The card issuer and potentially the consumer via atrocious fees and a terrible exchange rate? I have a French-based American Express and their exchange rate + commission on any foreign currency transaction is flat out absurd (I'm talking like 50 euros commission on a 1k USD transaction, + a very bad course resulting in a total ~100+ euro difference than if I pay with a Revolut/N26/BoursoBank no-fee foreign currency payment card).
I only use cards without FX or other fees. The amount is charged to the US card in Euros and Visa or Mastercard take a 50 basis point commission on the currency conversion, but since their settlement is not real time (end of day in US or something) often this can be a exchange rate win depending on your luck.

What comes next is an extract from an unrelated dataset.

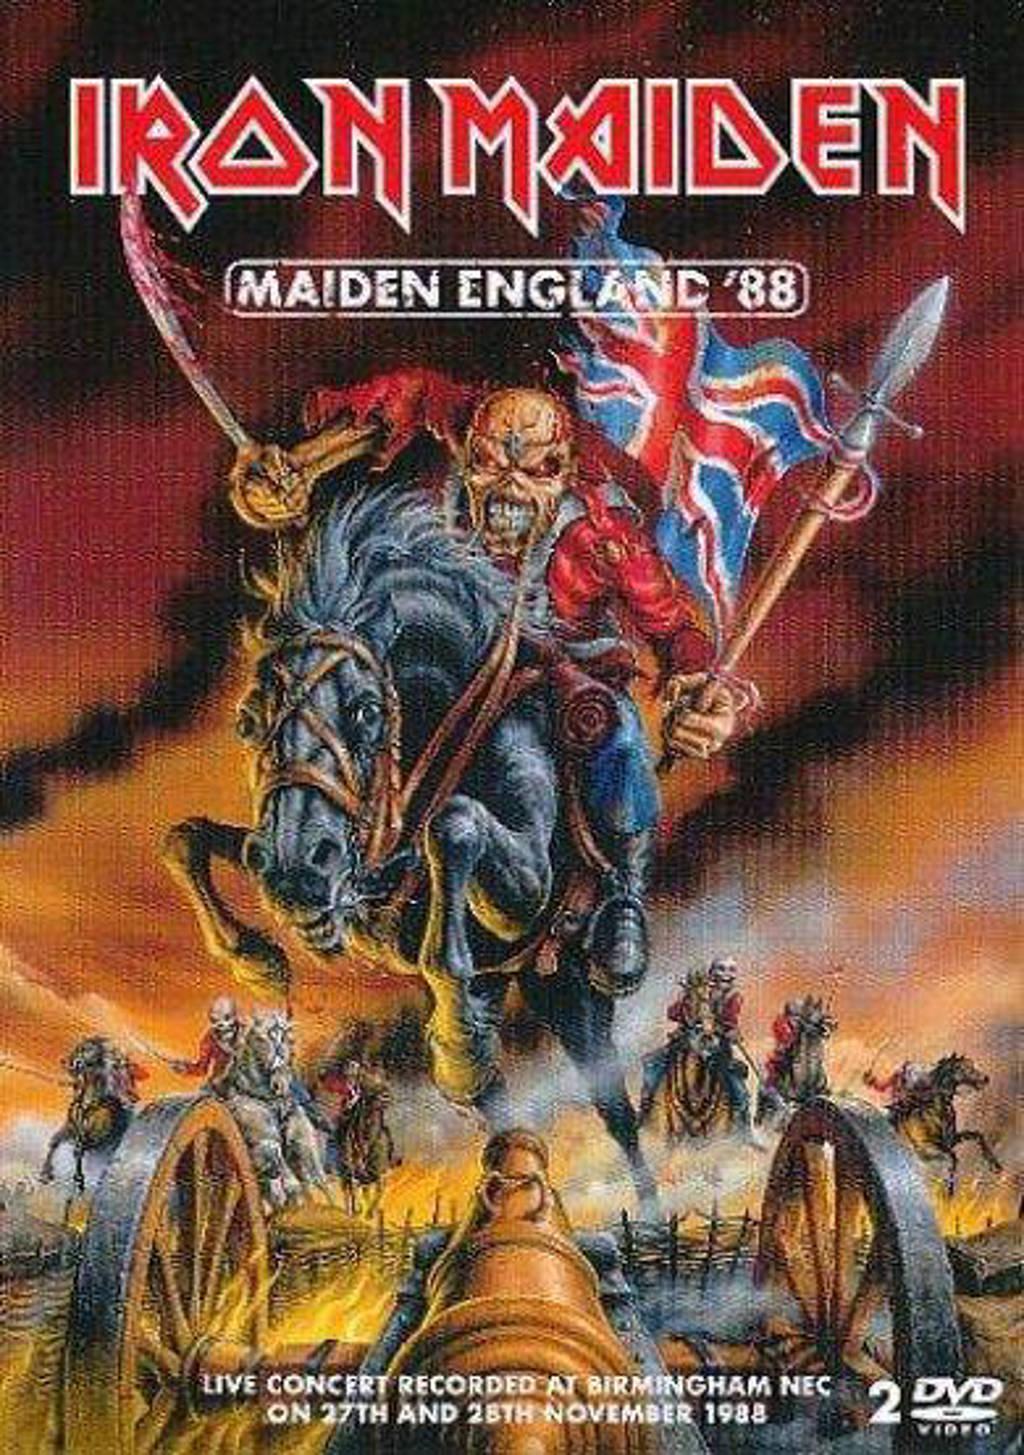 Iron Maiden - Maiden England 88 (DVD)

Interesting. Europe has stricter regulations that cap interchange. As a result not a lot of rewards cards and less competition in that space. In US no caps, but much more players in the rewards cards space. I've checked recent foreign transactions and it looks like both of popular travel cards make some money on exchange rates, but not as much as in France.
Amex Plat did not charge foreign fee, but exchange rate is 1% less favorable according xe.com
Chase Sapphire Reserve also no fees, exchange rate is 0.3% different from xe.com
> I've checked recent foreign transactions and it looks like both of popular travel cards make some money on exchange rates, but not as much as in France
Don't get me wrong, there are tons of options for cheap or downright free foreign exchange transactions (such as Revolut, N26, Fortuneo, BoursoBank just in France). It's Amex in particular that are borderline scamming their French customers on foreign transactions.
Never heard about others but Revolut is not a great example. 1% exchange fee plus another 0.3% on exchange rate. I agree that Amex is scamming their european customers. But my point was that they don't do it in US despite the lack of regulations. Same Amex is nicer to their american customers than Revolut to europeans. And one of Revolut's main selling points is their great exchange rates.
Pretty much all Amex cards with an annual fee have no foreign transaction fees as a benefit. The issue is that a lot of small business merchants outside of the US don't accept Amex (or will at least say they don't to avoid the higher interchange fee).
Not in France - I have an Amex Platinum and with it I get the above described absurd fees and bad exchange rates.
Funnily I've gotten notified a couple of times by Amex, as per ECB regulations, that the course they've used is significantly worse than the official one.